There are many pieces of cover art that are beautiful to behold. Yet, there are others which exhibit a rarer, odd form of beauty. We think that such conflicts of focal points, lettering choices, false perspectives, anatomical befuddlement, ridiculous transport vehicles, oversized and frankly unusable monster-hunting weaponry, clothing choices that would get you killed walking down the street let alone hiking a through a frozen wasteland, clichéd cat-people, and downright bad art deserve their own special form of tribute.
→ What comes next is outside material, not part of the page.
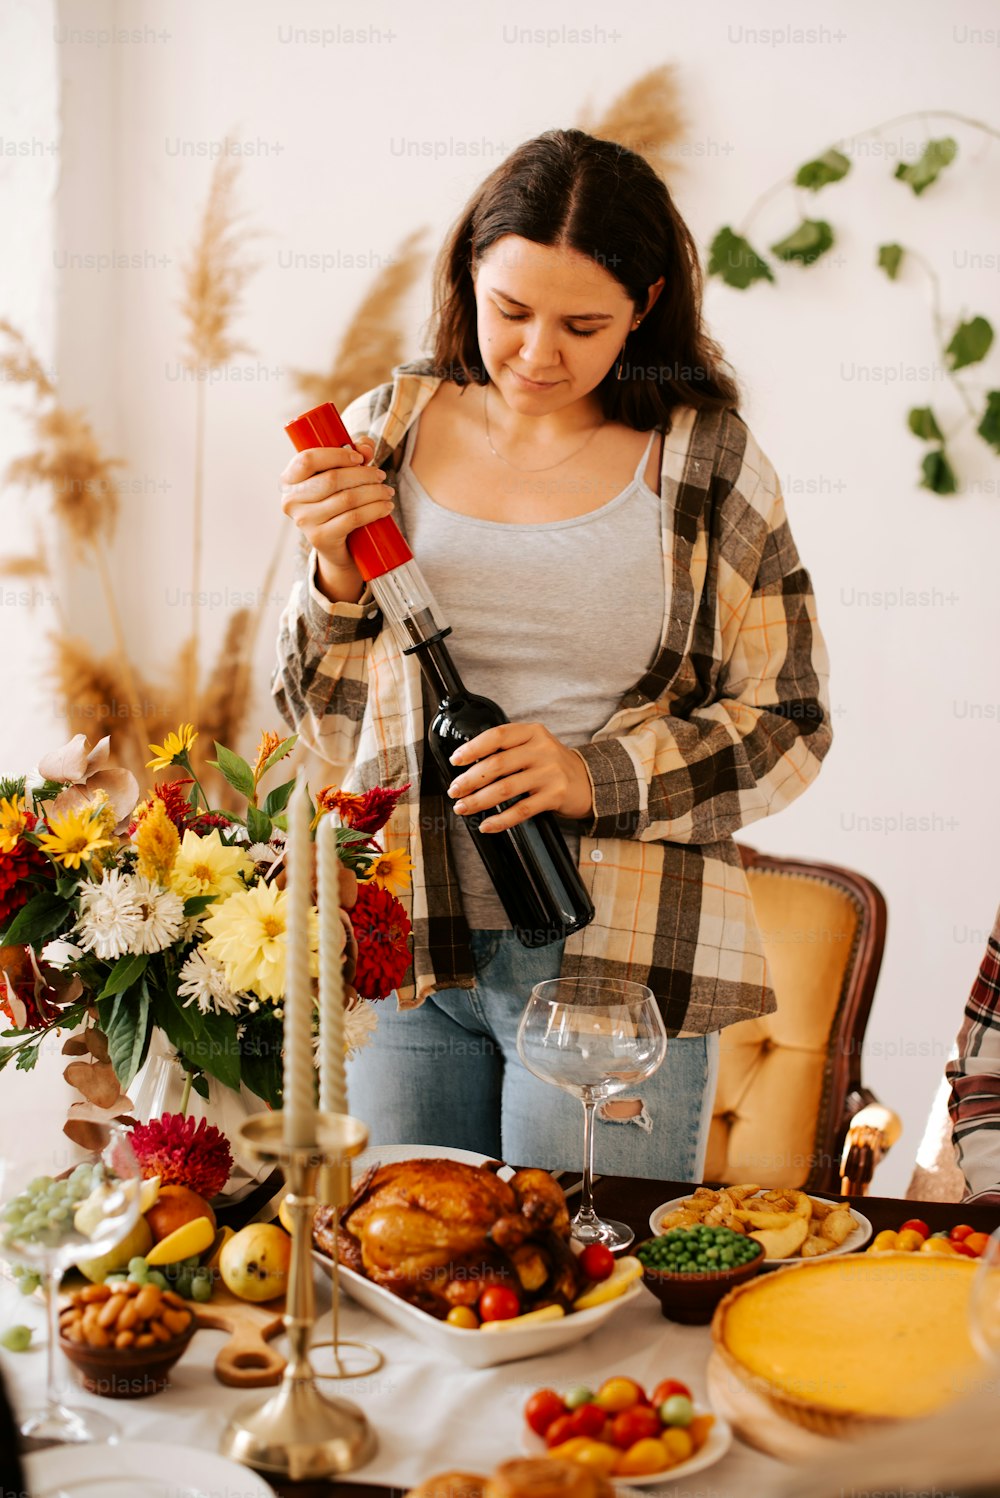 a woman pouring a glass of wine in front of a table full of food
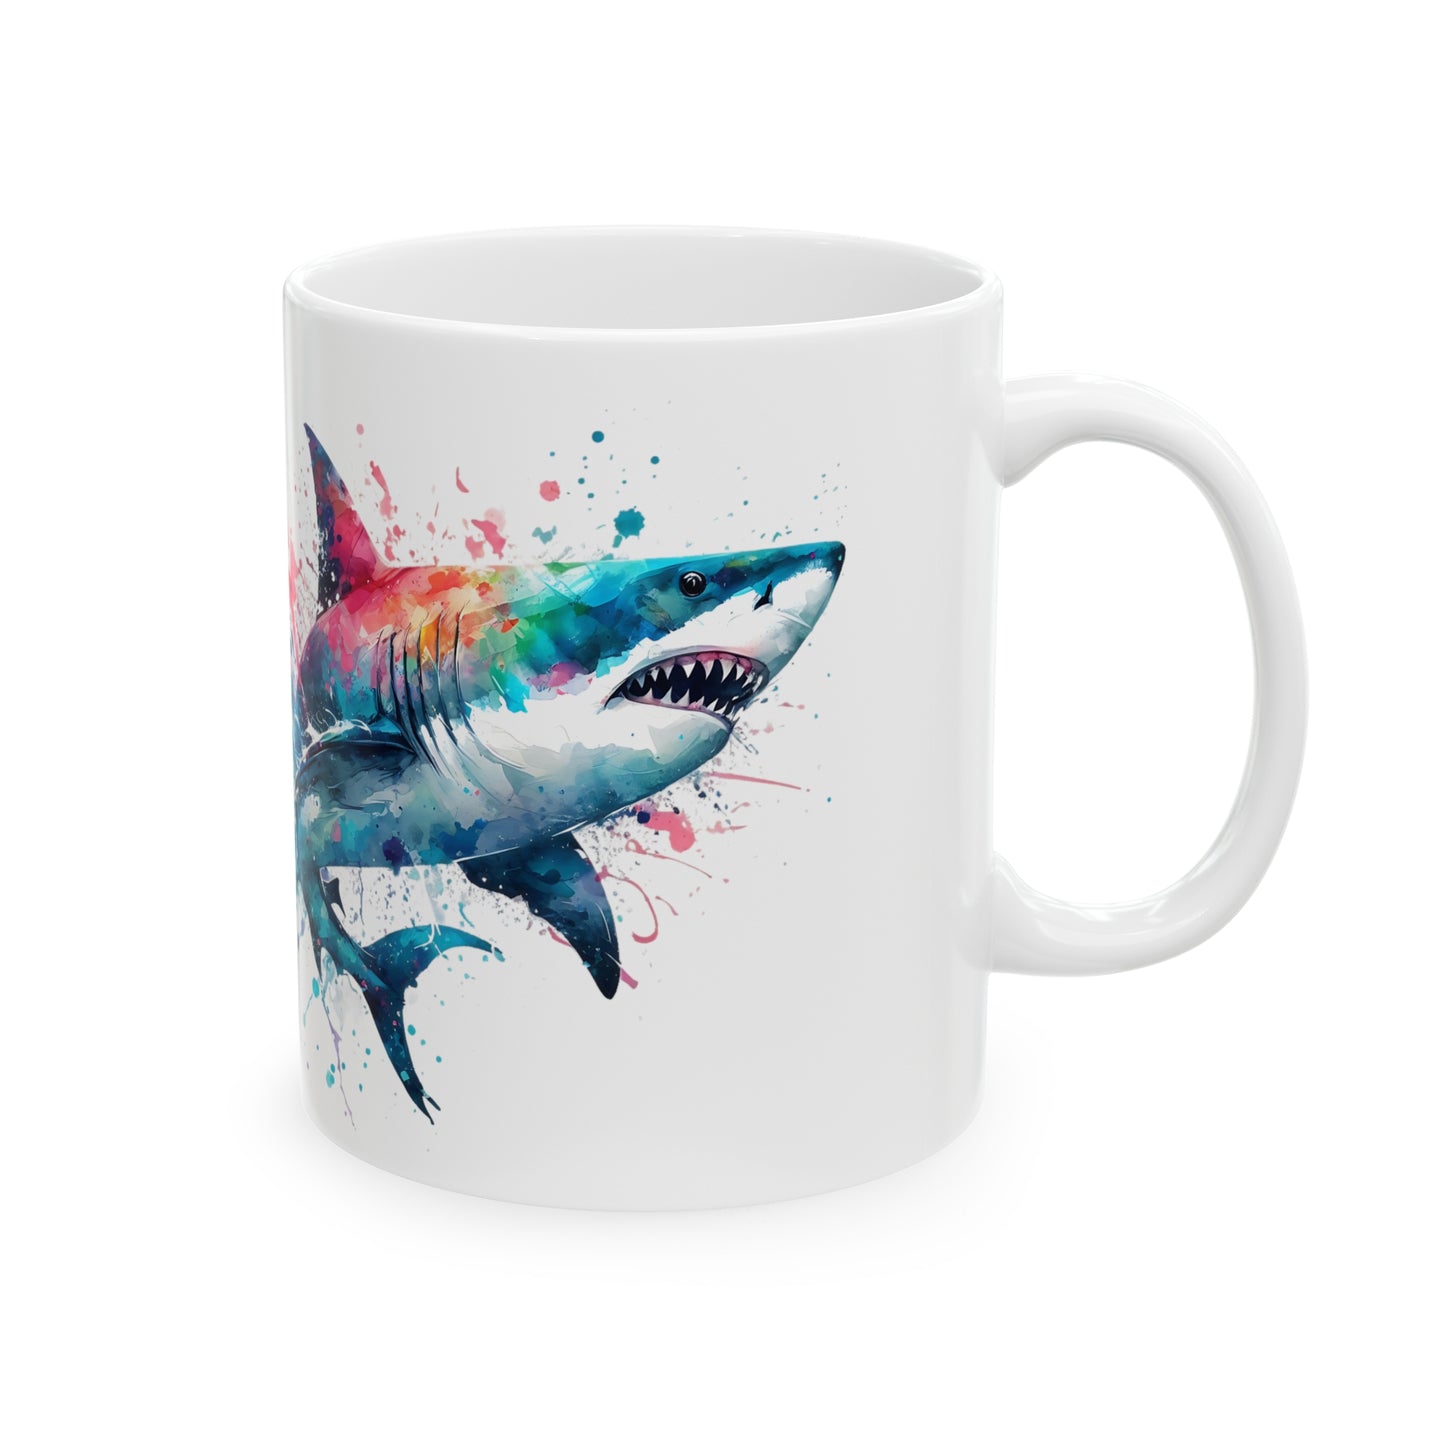 Shark Dad Mug: Father's Day & Birthday Coffee Cup - No-fin Compares to You! Funny Fish Relax Gift for Best Dad, Ceramic Mug, 11oz

The Three Stigmata of Palmer Eldritch

The Hammer and the Horn

I think they’re living up to their promise….!

[Thanks to JJ, Scott Edelman, Michael J. Walsh, Hampus Eckerman, Cat Rambo, James Davis Nicoll, DMS, and John King Tarpinian for some of these stories. Title credit belongs to File 770 contributing editor of the day ULTRAGOTHA.]

49 thoughts on “Pixel Scroll 9/30/16 How Much For Just the Pixels?

  1. Q: Do you enjoy science fiction that is more a reflection of where today’s society could be headed in the near future, or science fiction that reflects a far, far future[?]

    Yes. 🙂

  2. 7) David Levine was indeed a fan of Wild Cards from day one.

    We had George RR Martin as a guest (Toastmaster) at OryCon ’86 and because I was chairing the convention, I couldn’t make it to his interview (there are disadvantages to being a con chair).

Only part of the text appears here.